Symptoms
The most common form of pigment spots are age spots, also called lentigines seniles or lentigines solares (sun spots). As the name already reveals, age spots occur mainly at a higher age; mostly from the 40th and almost always from the 60th year of life. Typically, age spots are found on areas of skin that have been exposed to the sun for years, such as the forehead, cheeks, forearms or the back of the hand.
Here they manifest themselves as yellowish to dark brown spots. Mostly age spots are small and roundish, but can also be irregularly limited and up to several centimeters in size. Especially irregularly shaped or unevenly colored age spots must be examined by a doctor, as they often conceal black and in rare cases white skin cancer.
In principle, skin cancer does not develop from an age spot, but it can be very similar to an age spot and thus mask itself. For these reasons, newly occurring or changing pigment spots should always be clarified by a doctor.
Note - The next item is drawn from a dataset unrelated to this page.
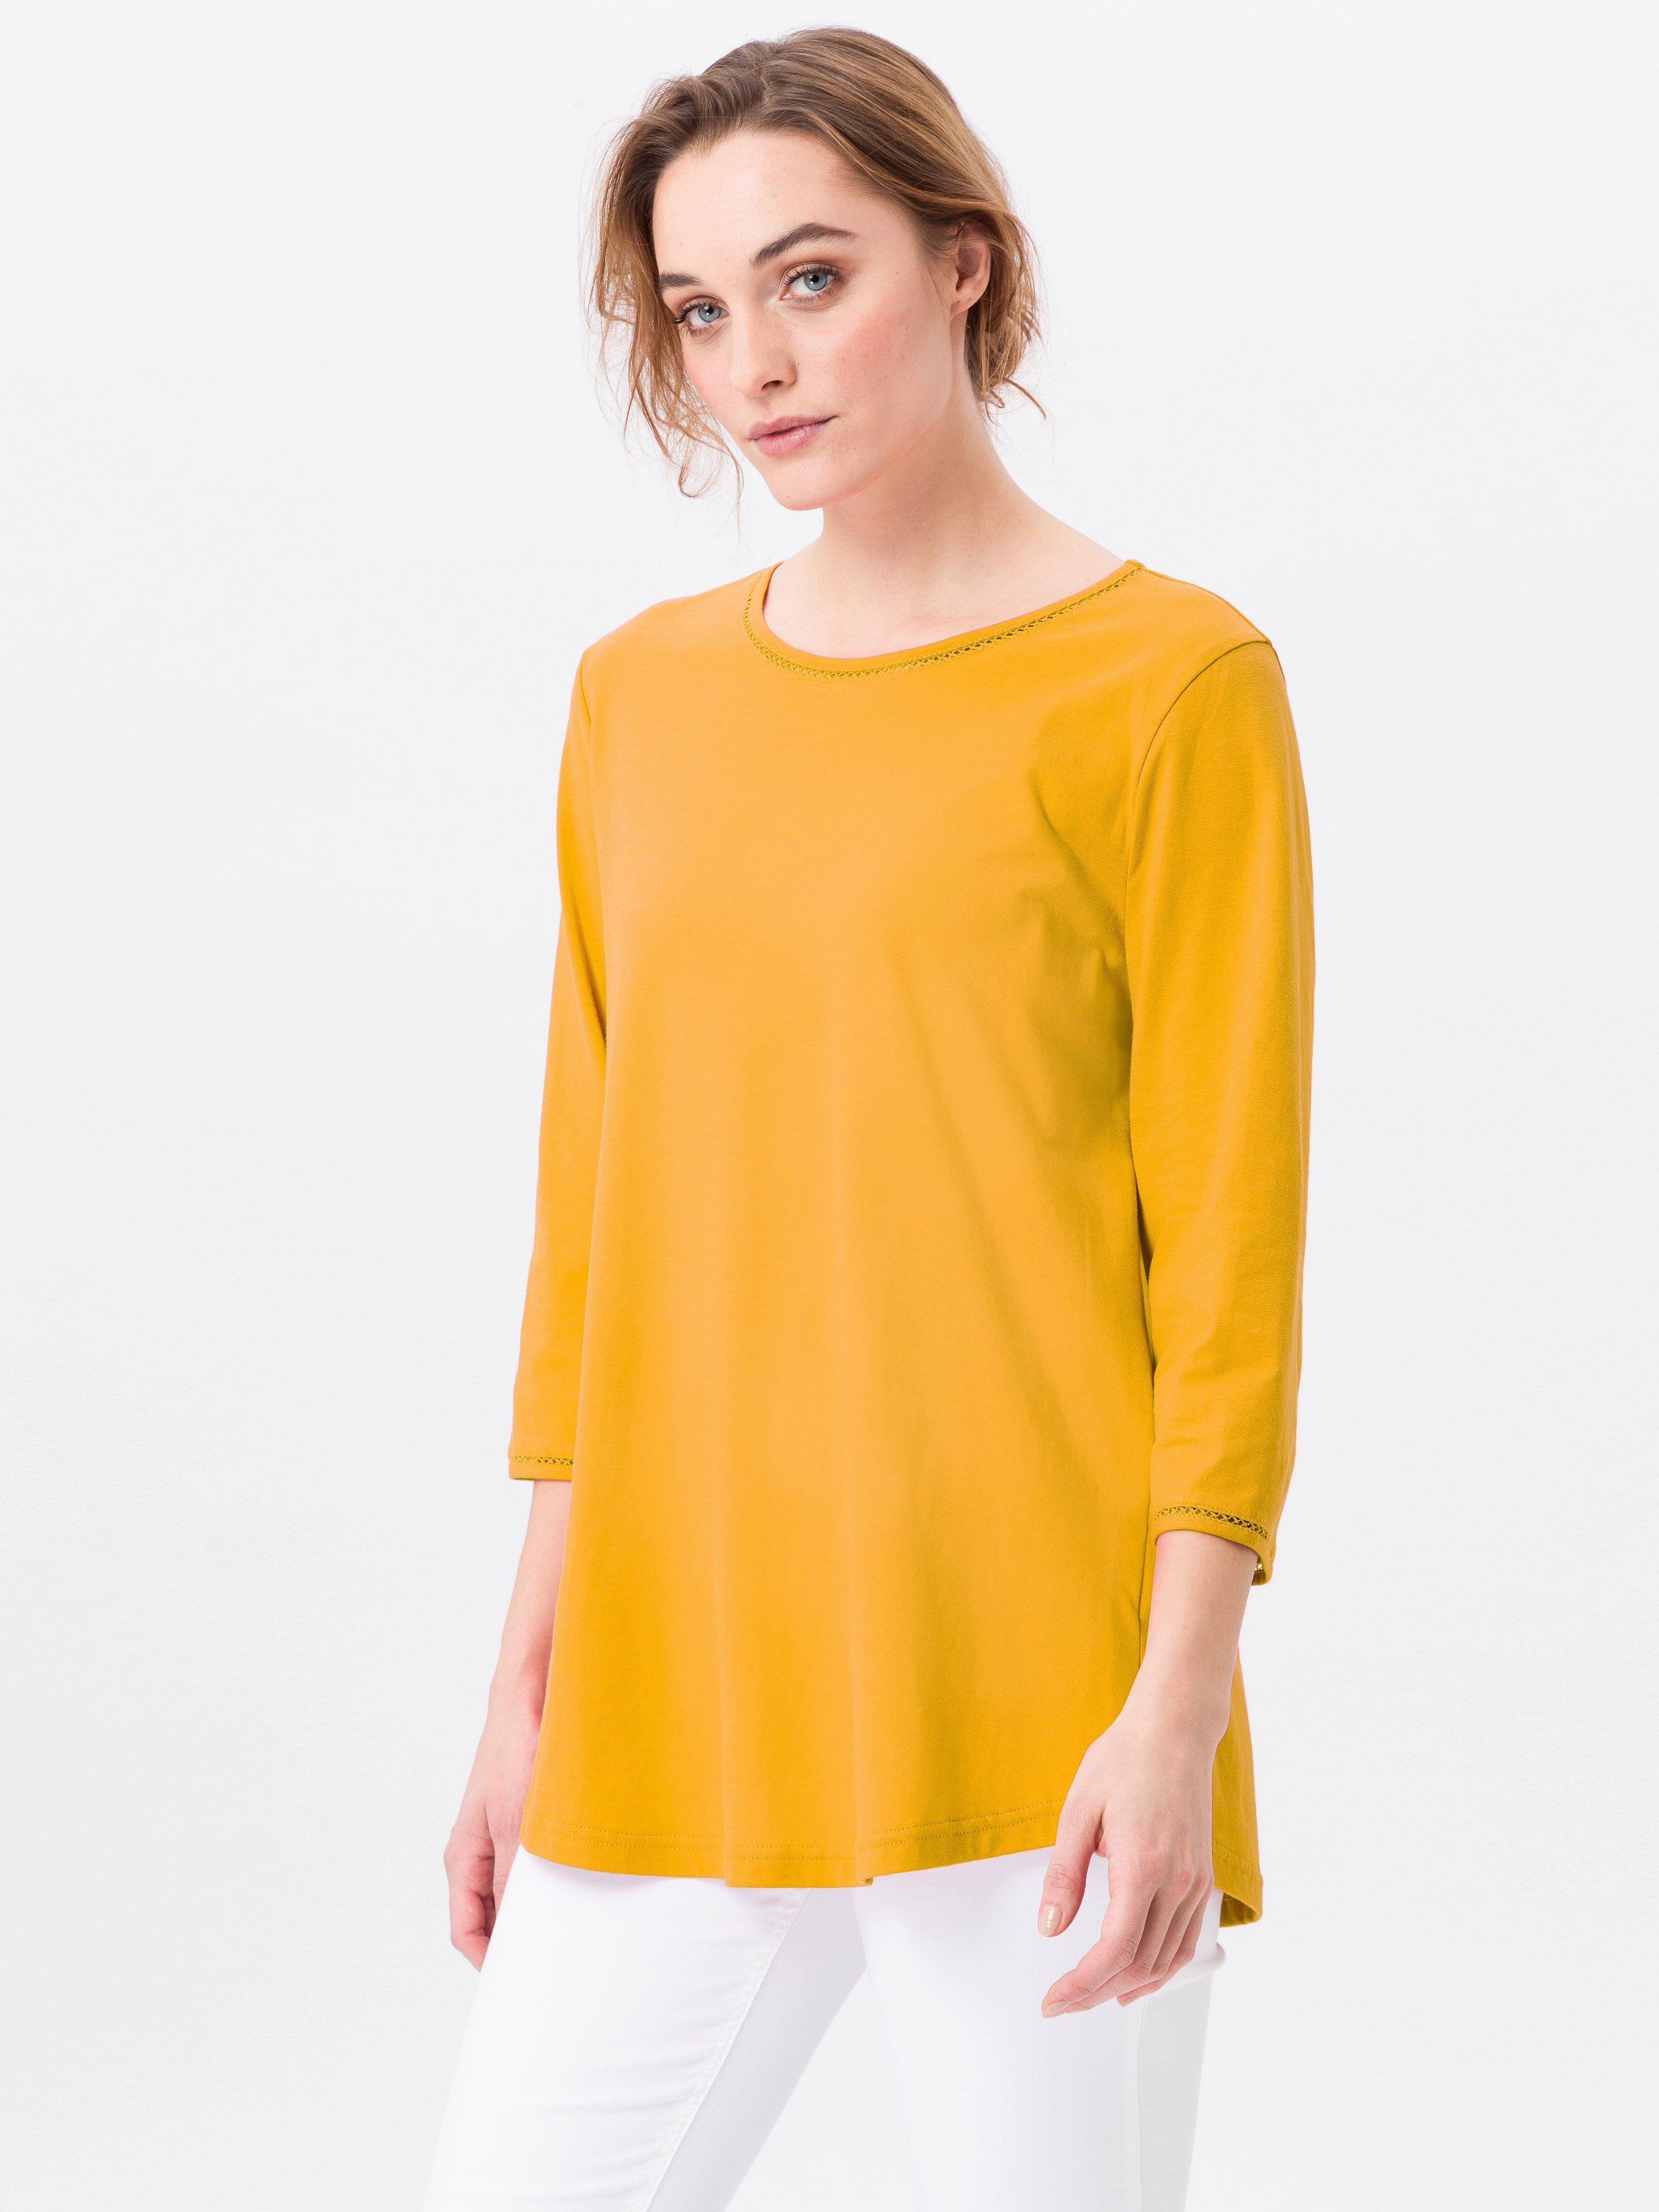 Green Cotton - Round-neck top in 100% cotton - maize yellow

Patients with acne and skin allergies also tend to develop pigmentation more frequently.
This is due to their already irritated and irregularly colored skin. Prolonged exposure to the sun further damages the skin and impurities are more impressive than darker spots. Melasma is another type of pigment disorder that mainly affects young women of childbearing age and is caused by hormonal fluctuations.
This can be the case, for example, during pregnancy or when taking estrogen-containing preparations such as the contraceptive pill or hormone replacement therapy. (See: Pigment disorders caused by the contraceptive pill)Studies have shown that female sex hormones (estrogen and progesterone), which are released in high doses, especially during pregnancy, increase the activity of melanocytes in combination with the sun. This leads to overactivity of the melanocytes and thus to hyperpigmentation, i.e. increased darkening of the skin.
Typically, melasma is characterized by symmetrically distributed pigment spots on the forehead, temples and cheeks. These spots are usually irregular in shape and can merge into one another.After the end of pregnancy or after stopping taking the medication, a decrease in pigmentation may occur. In some cases, however, the melasma may remain forever.
One form of too light pigmentation disorders is vitiligo. This is a common genetic disorder that affects children and adolescents and is often associated with other autoimmune diseases such as Graves’ or Addison’s disease. Due to a genetic defect, individual or scattered light to white patches (hypopigmentation) of the skin appear, which may be irregularly shaped and distributed over the entire body. The therapy of choice for vitiligo is photo- or light therapy, which improves in 70% of cases.